##### PROVIDED MATERIAL #####
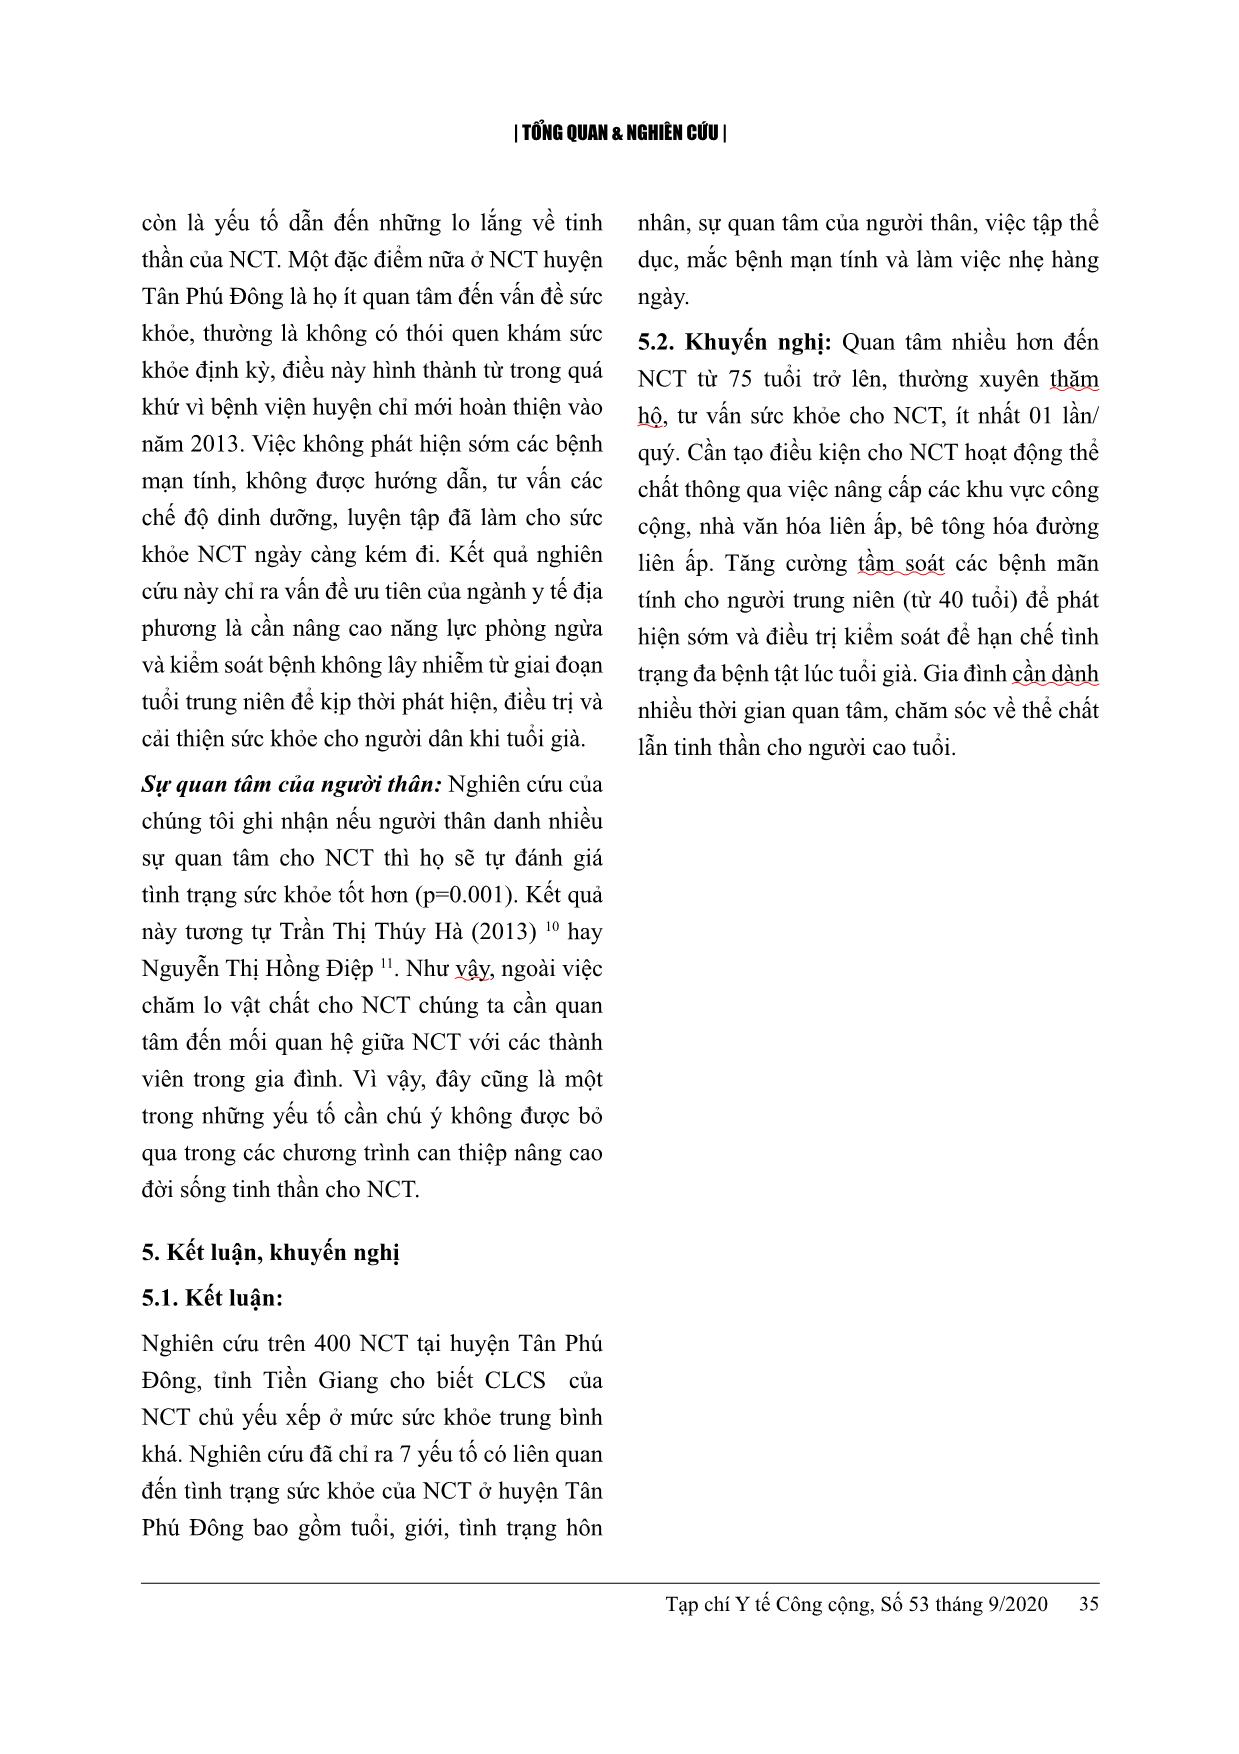 Chất lượng cuộc sống và một số yếu tố liên quan ở người cao tuổi tại huyện Tân Phú Đông, tỉnh Tiền Giang năm 2020 trang 10
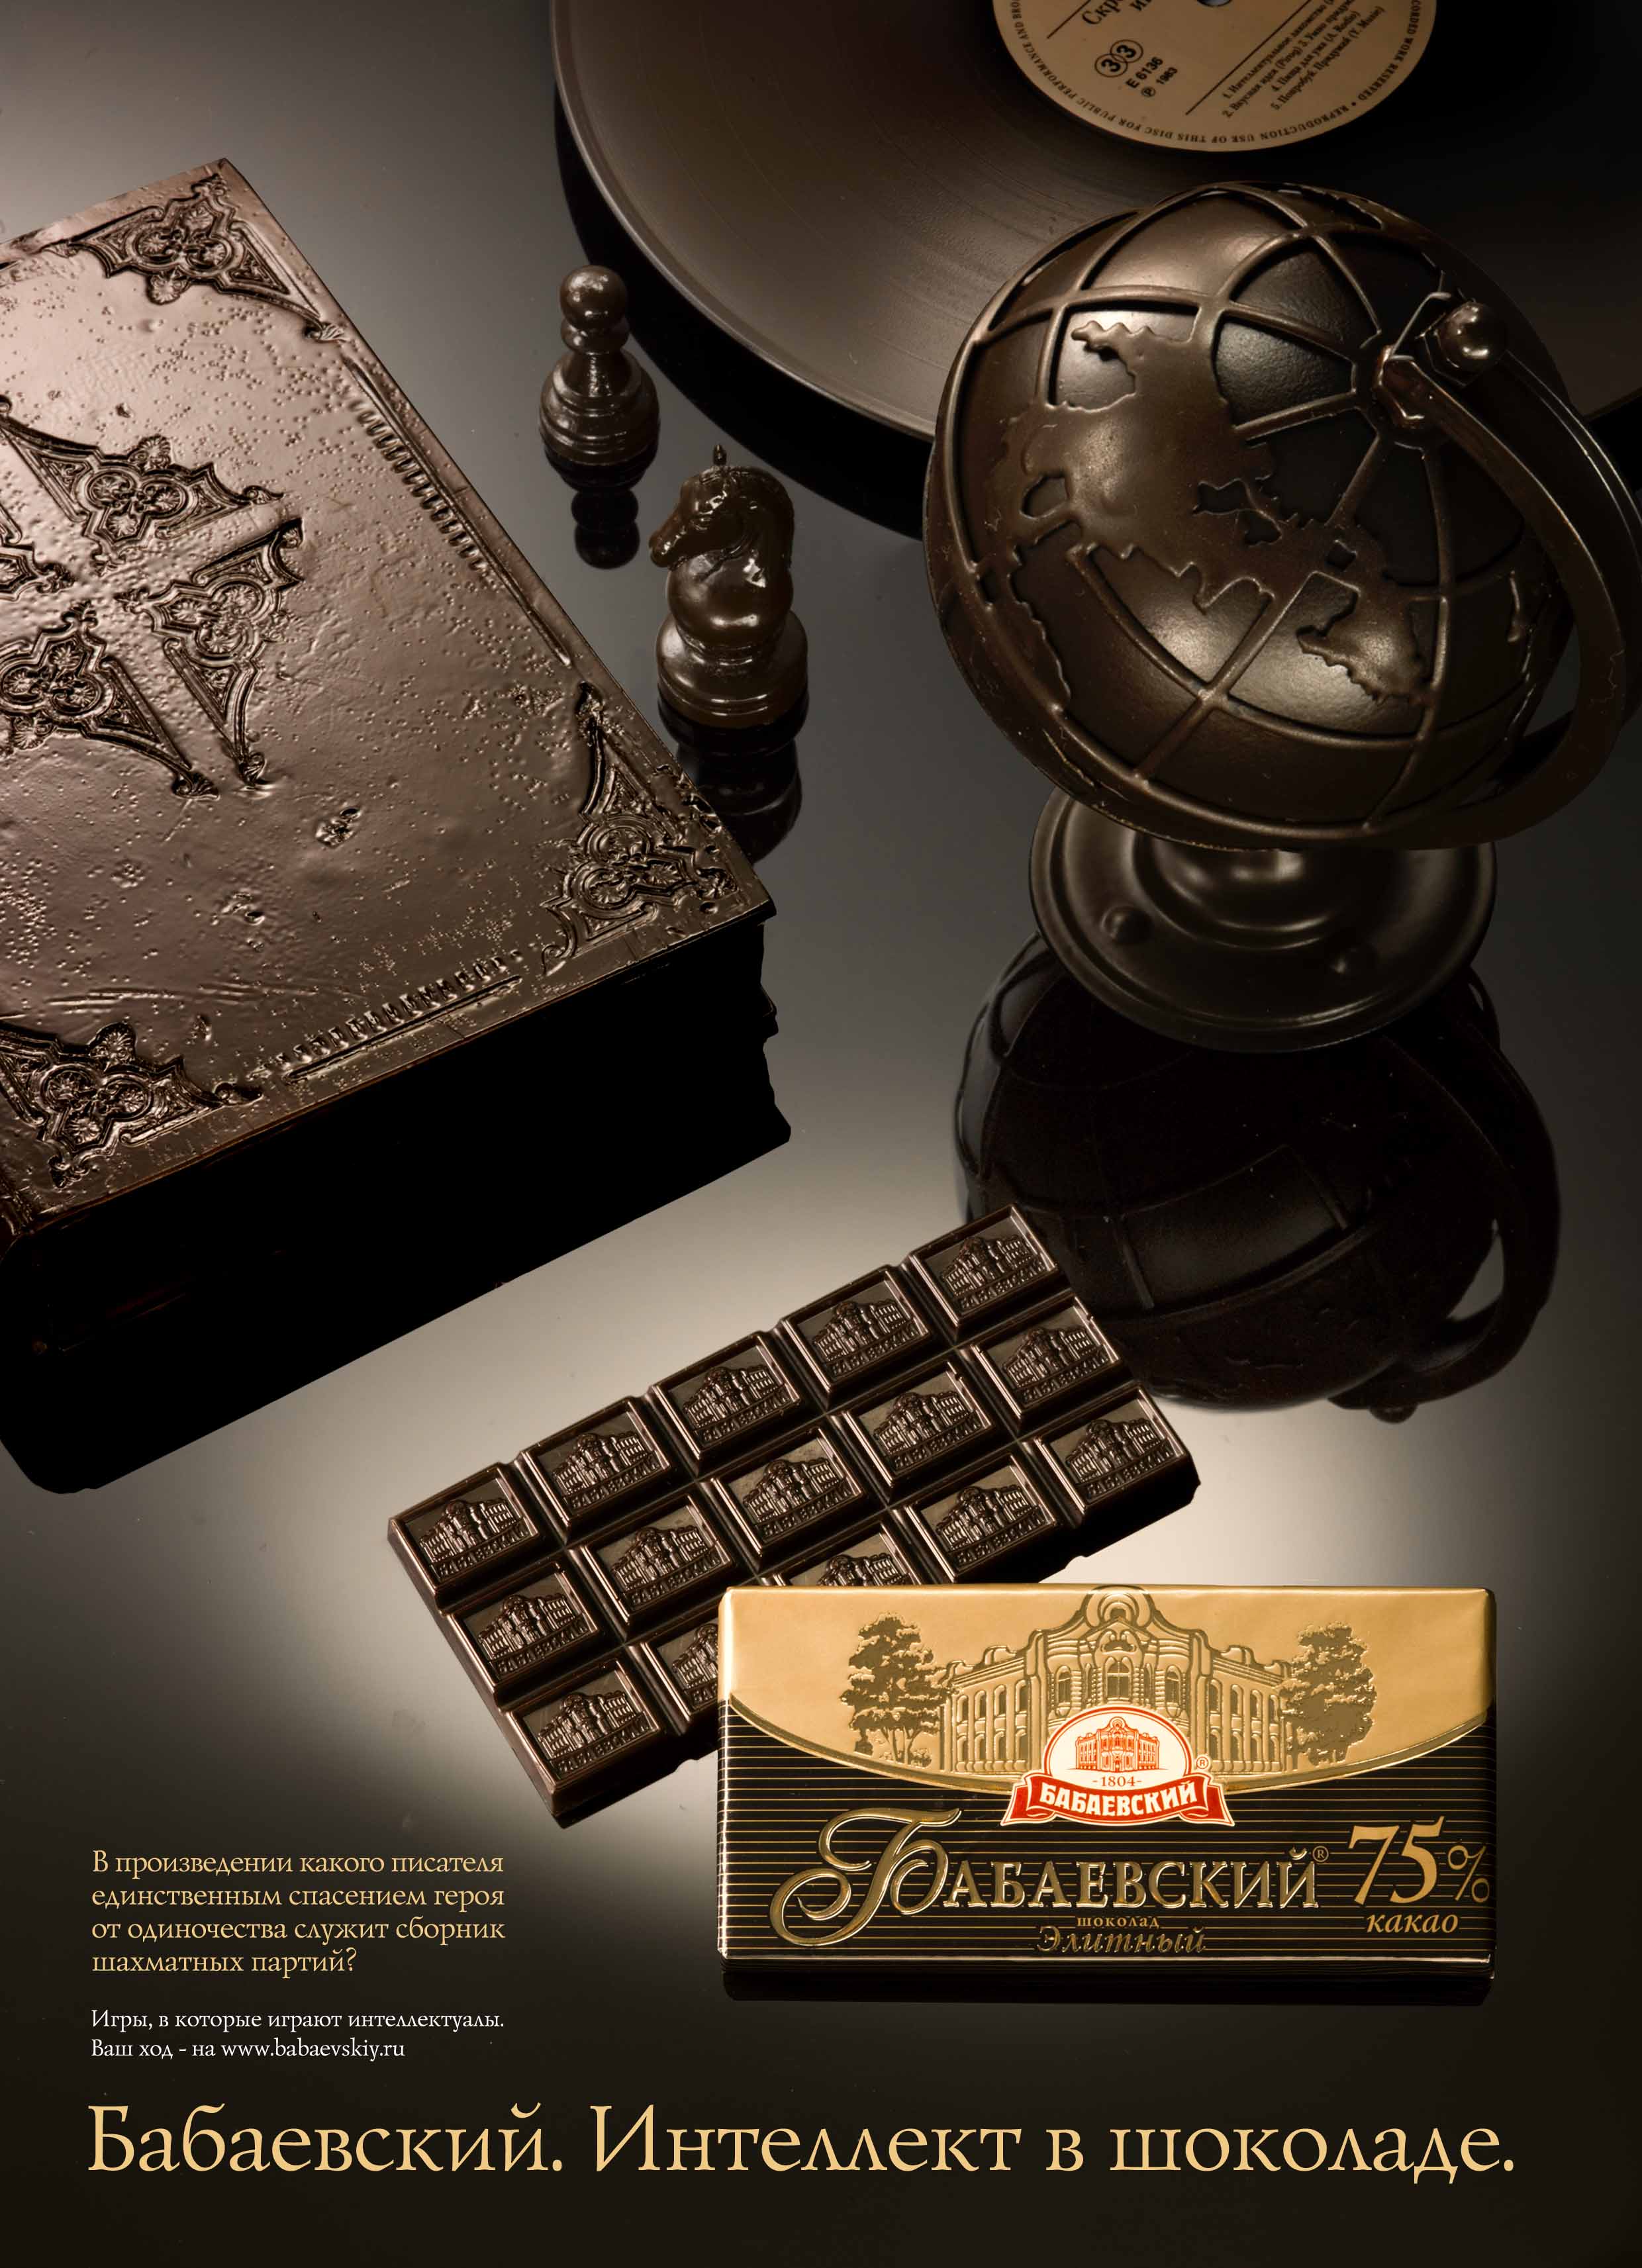 Шоколад и писатель. Бабаевский шоколад реклама. Реклама шоколада. Шоколад "Бабаевский". Реклама шоколадных конфет.
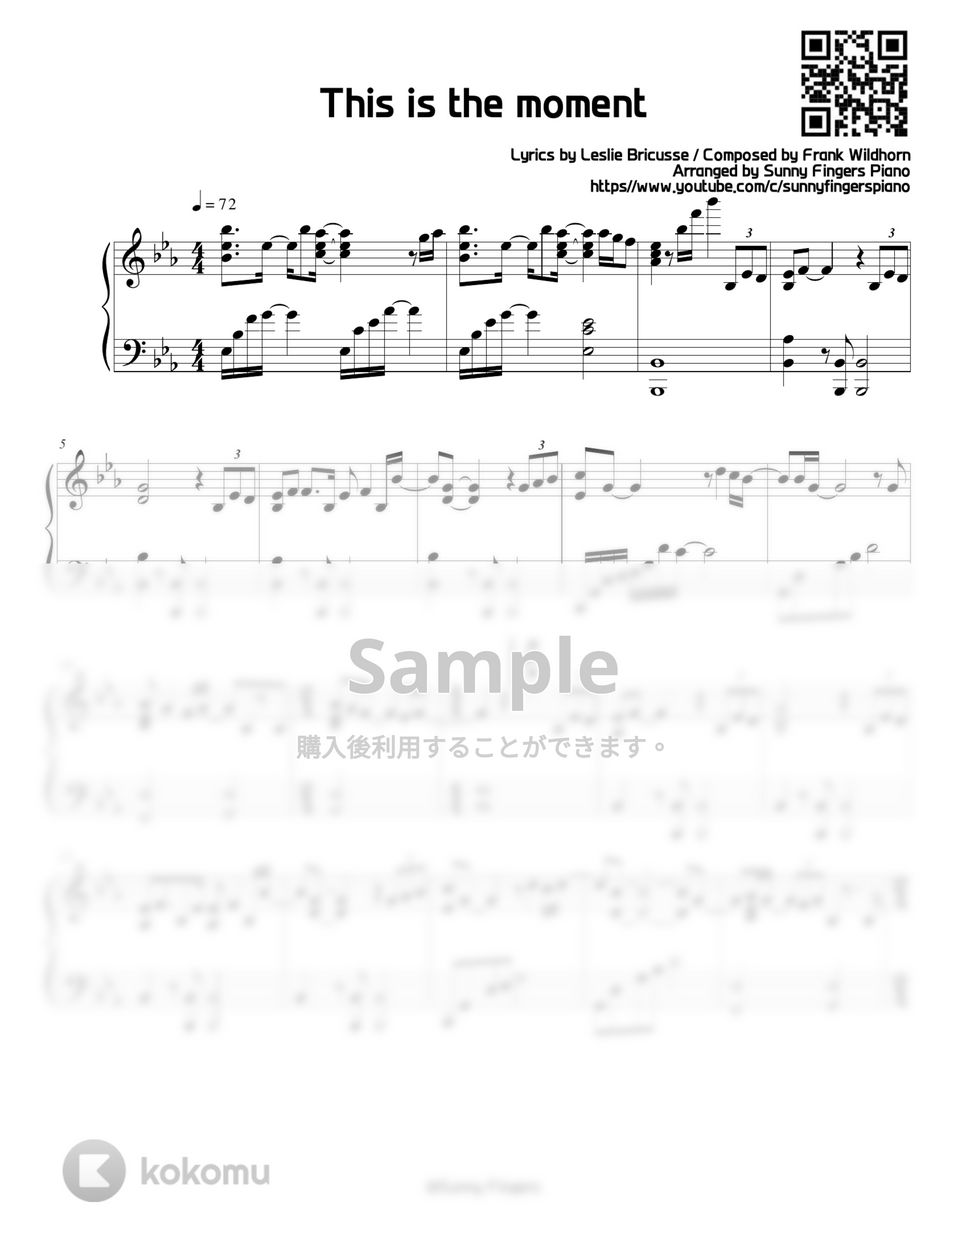 ジキルとハイド - This is the moment by Sunny Fingers Piano
#####
## REQUIRED WORK
Line by line and exactly, write out the material above. Skip the pictures.

## TASK RESULT
 Chất lượng cuộc sống và một số yếu tố liên quan ở người cao tuổi tại huyện Tân Phú Đông, tỉnh Tiền Giang năm 2020 trang 10
 Шоколад и писатель. Бабаевский шоколад реклама. Реклама шоколада. Шоколад "Бабаевский". Реклама шоколадных конфет.
 ジキルとハイド - This is the moment by Sunny Fingers Piano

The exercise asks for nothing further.